# [EXERCISE]
Every line from the one containing "Brilliant Cut Snake" through the end of the listing below goes in the output, exactly and without pictures.

# [DATA SEGMENT]
————

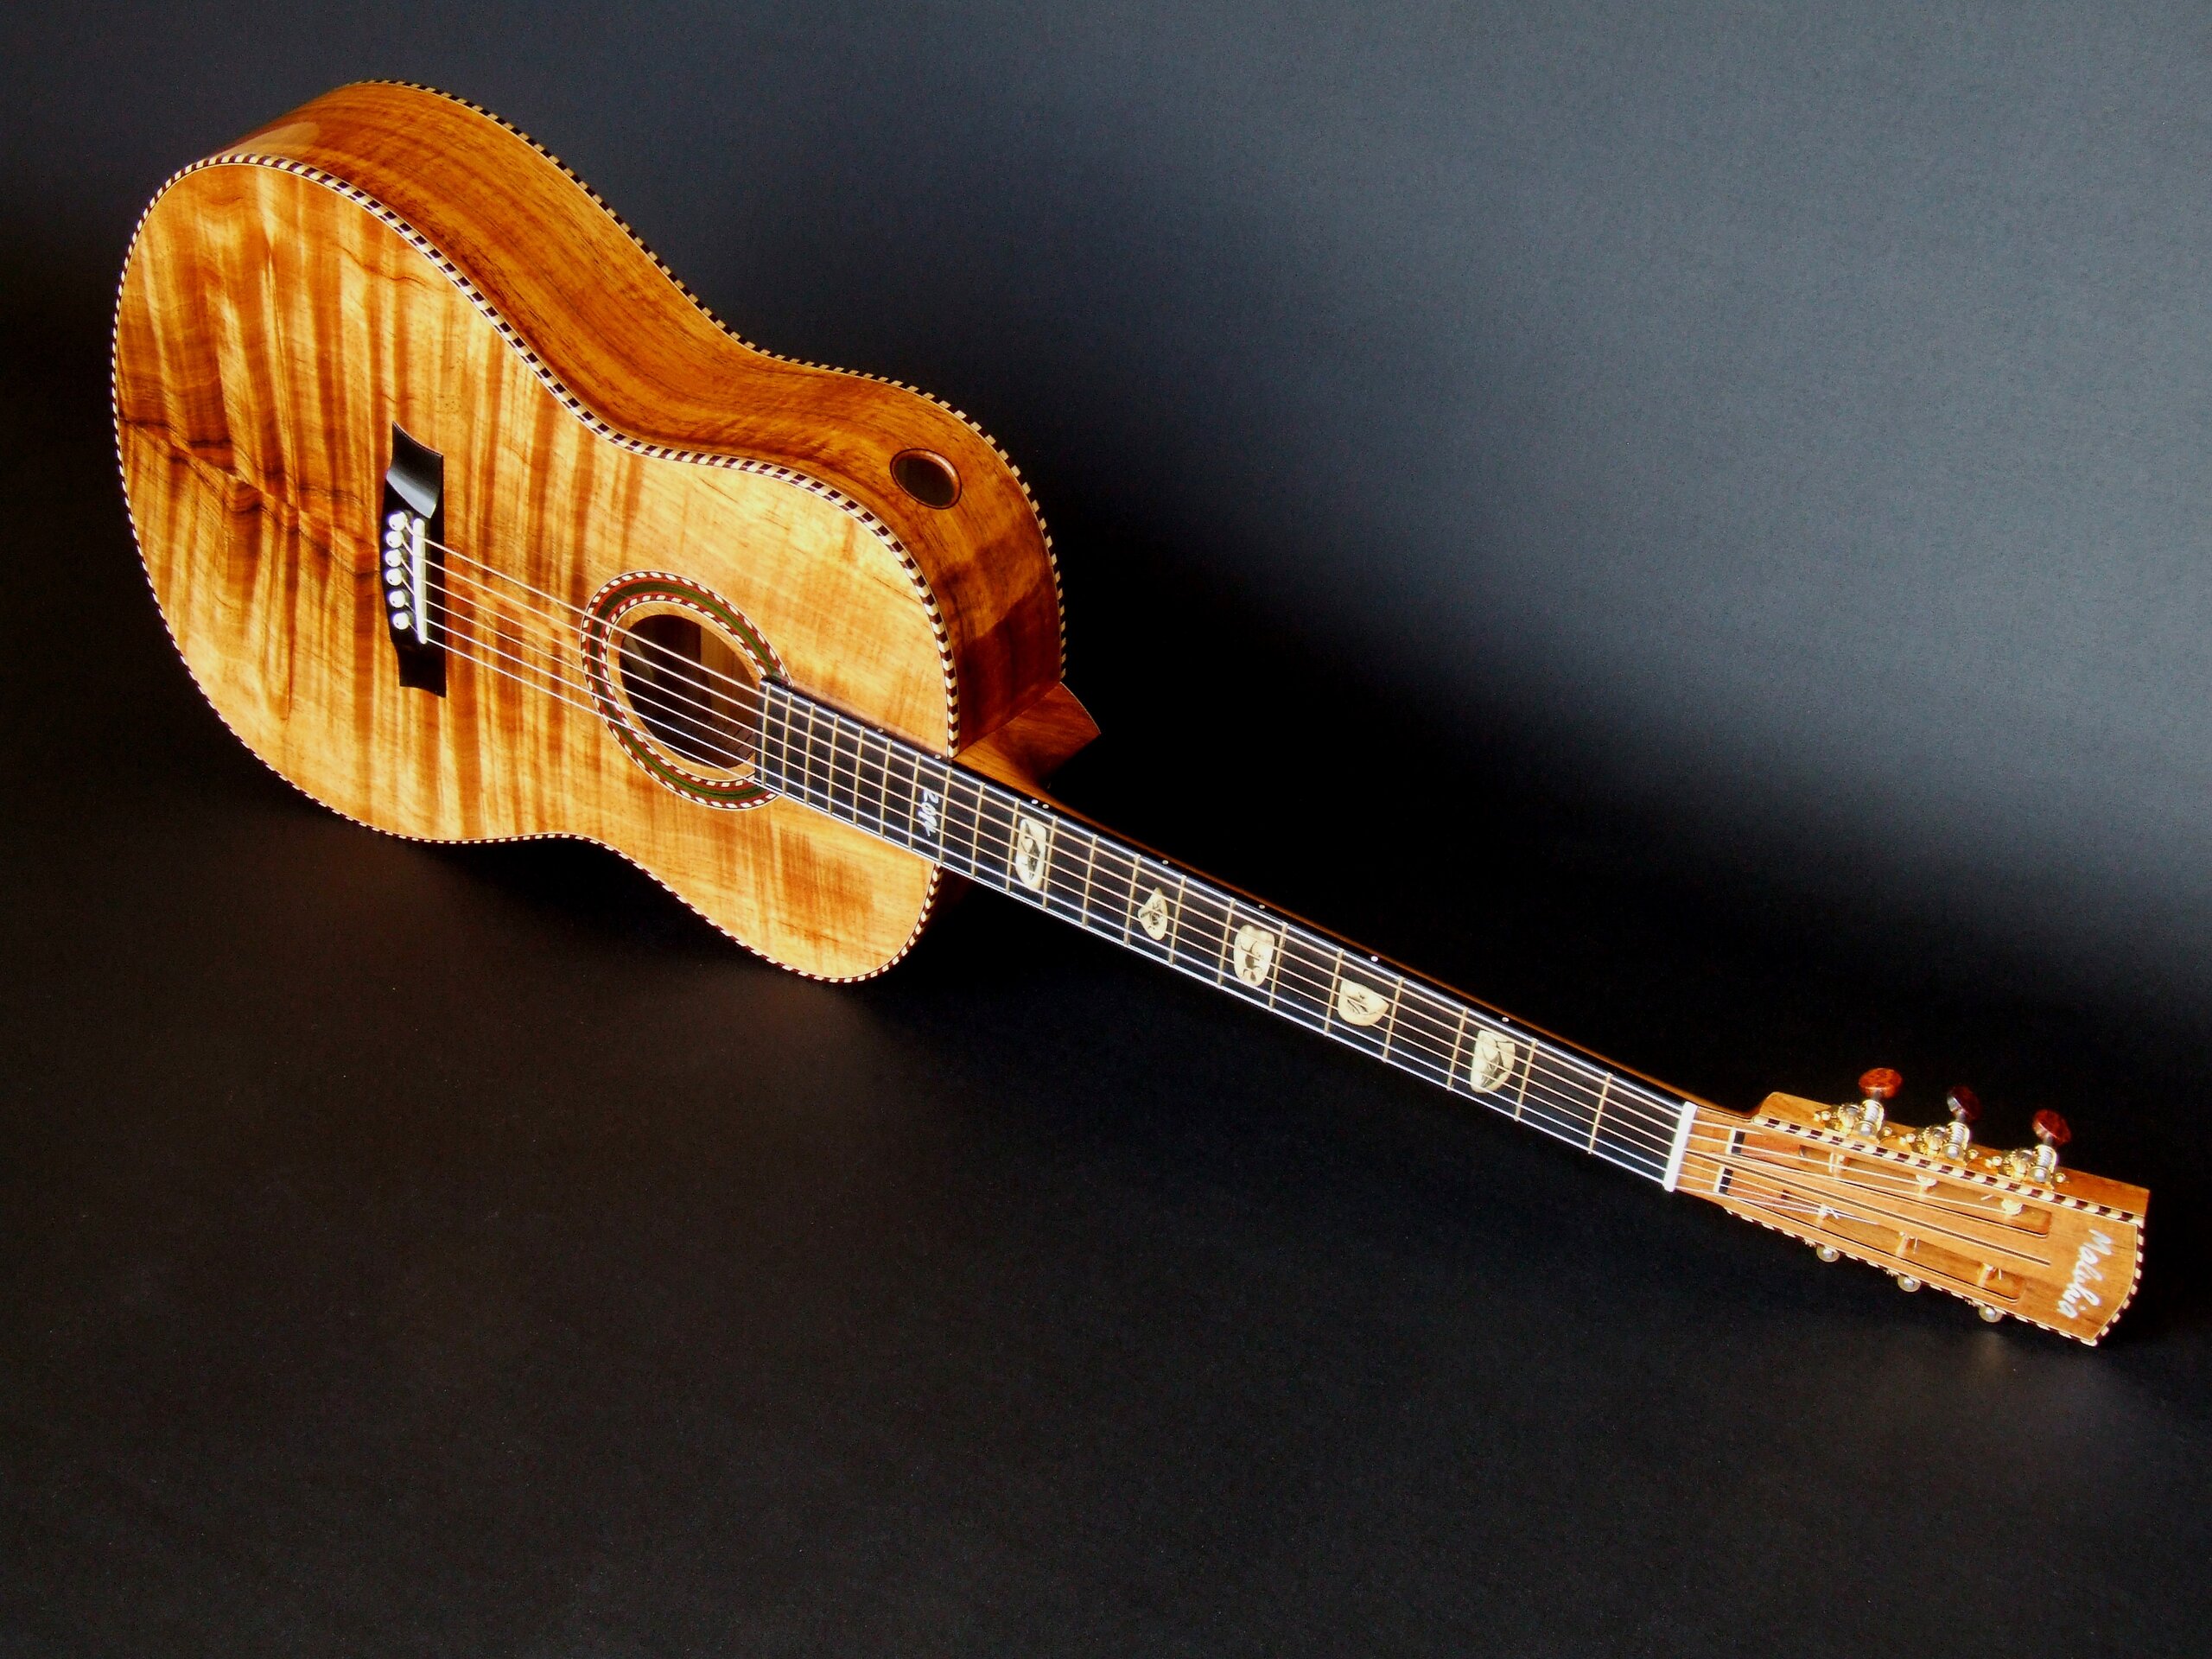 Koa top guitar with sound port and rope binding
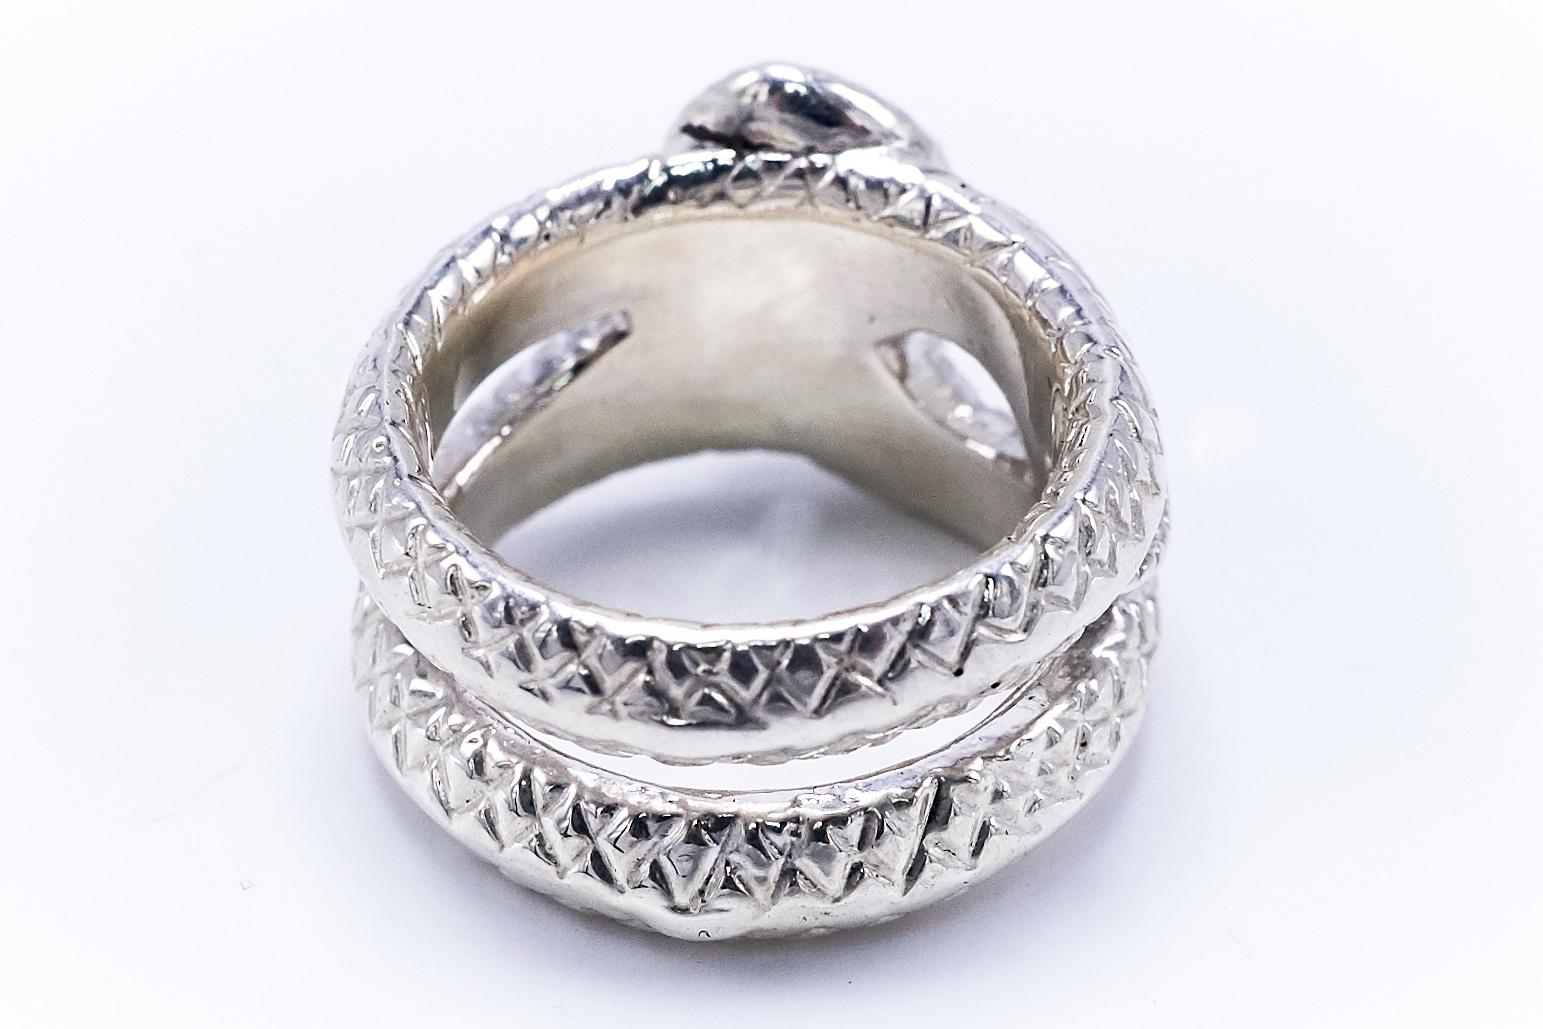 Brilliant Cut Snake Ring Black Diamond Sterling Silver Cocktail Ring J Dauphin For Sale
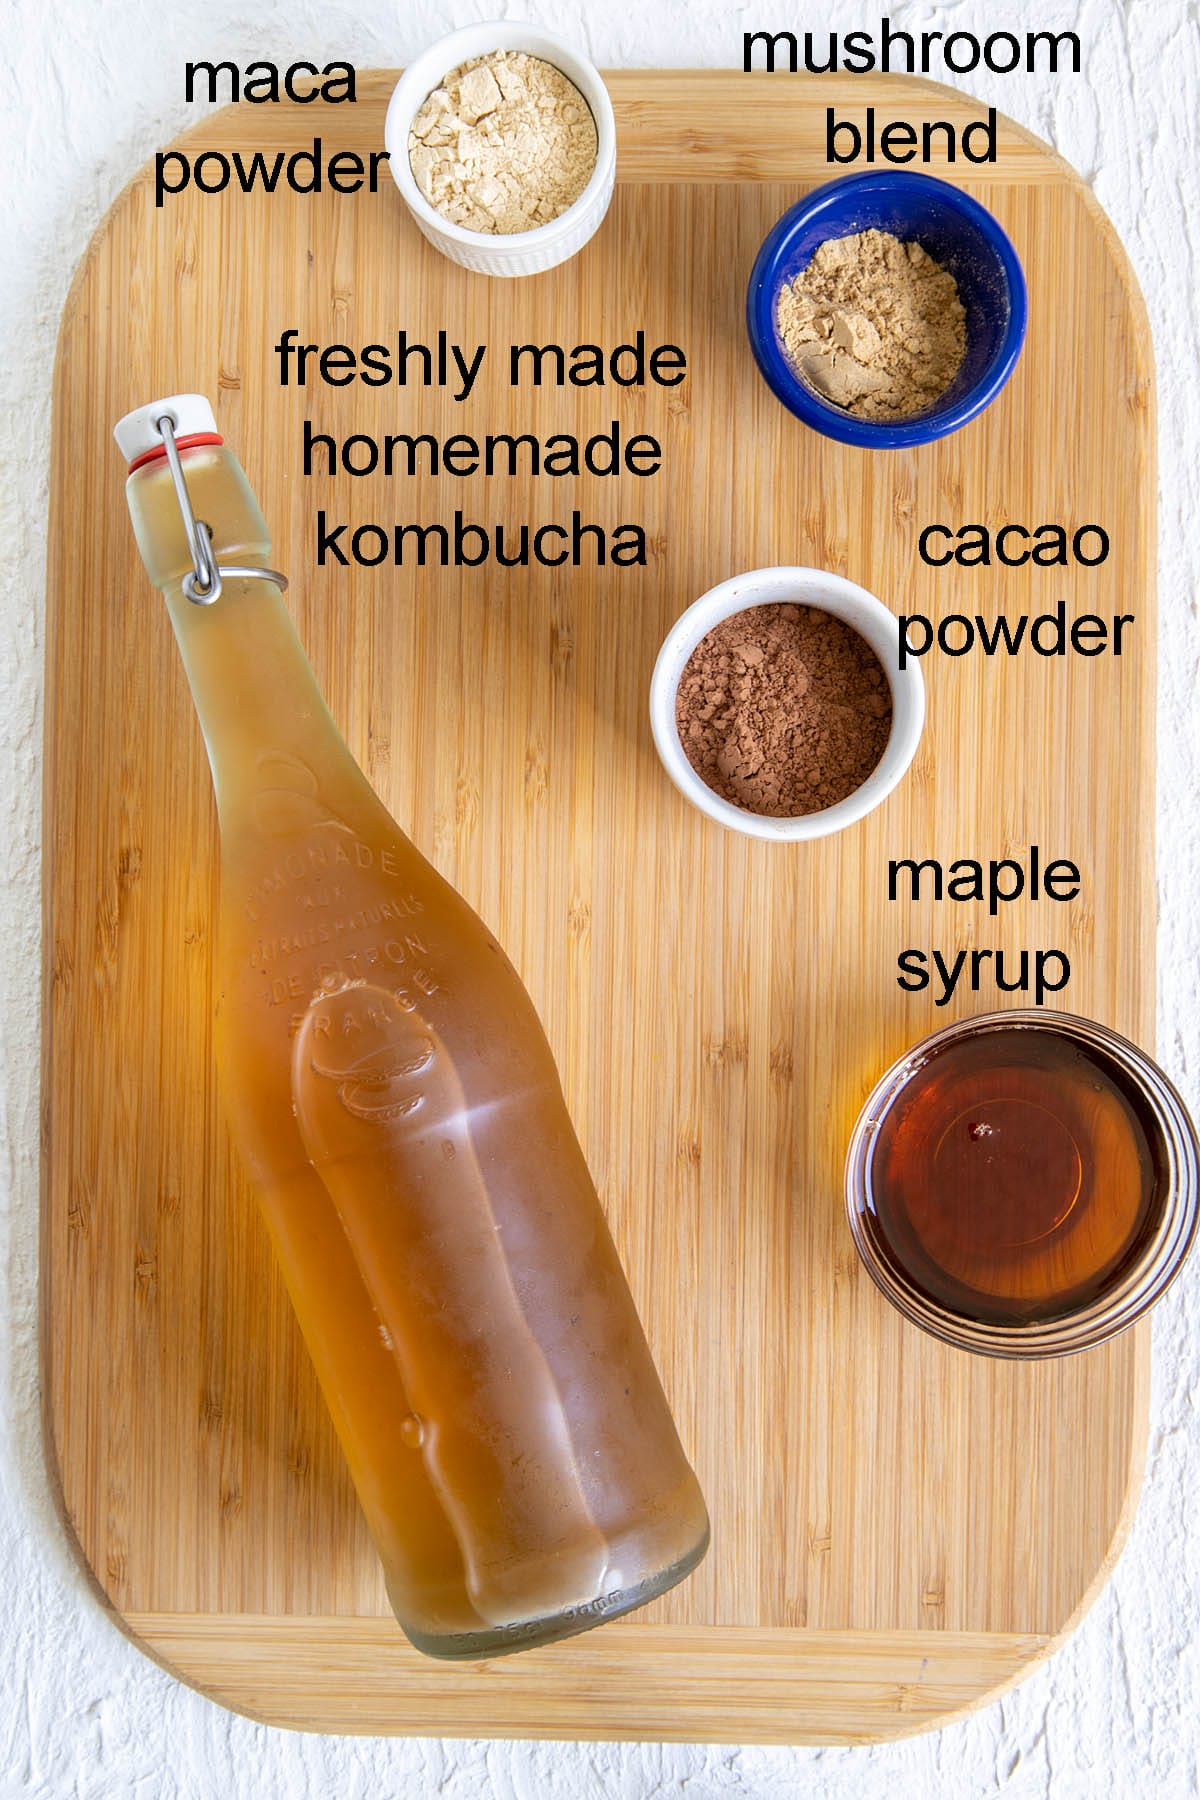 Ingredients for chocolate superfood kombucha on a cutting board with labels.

————

# [YOUR SOLUTION]
 Brilliant Cut Snake Ring Black Diamond Sterling Silver Cocktail Ring J Dauphin For Sale
 Ingredients for chocolate superfood kombucha on a cutting board with labels.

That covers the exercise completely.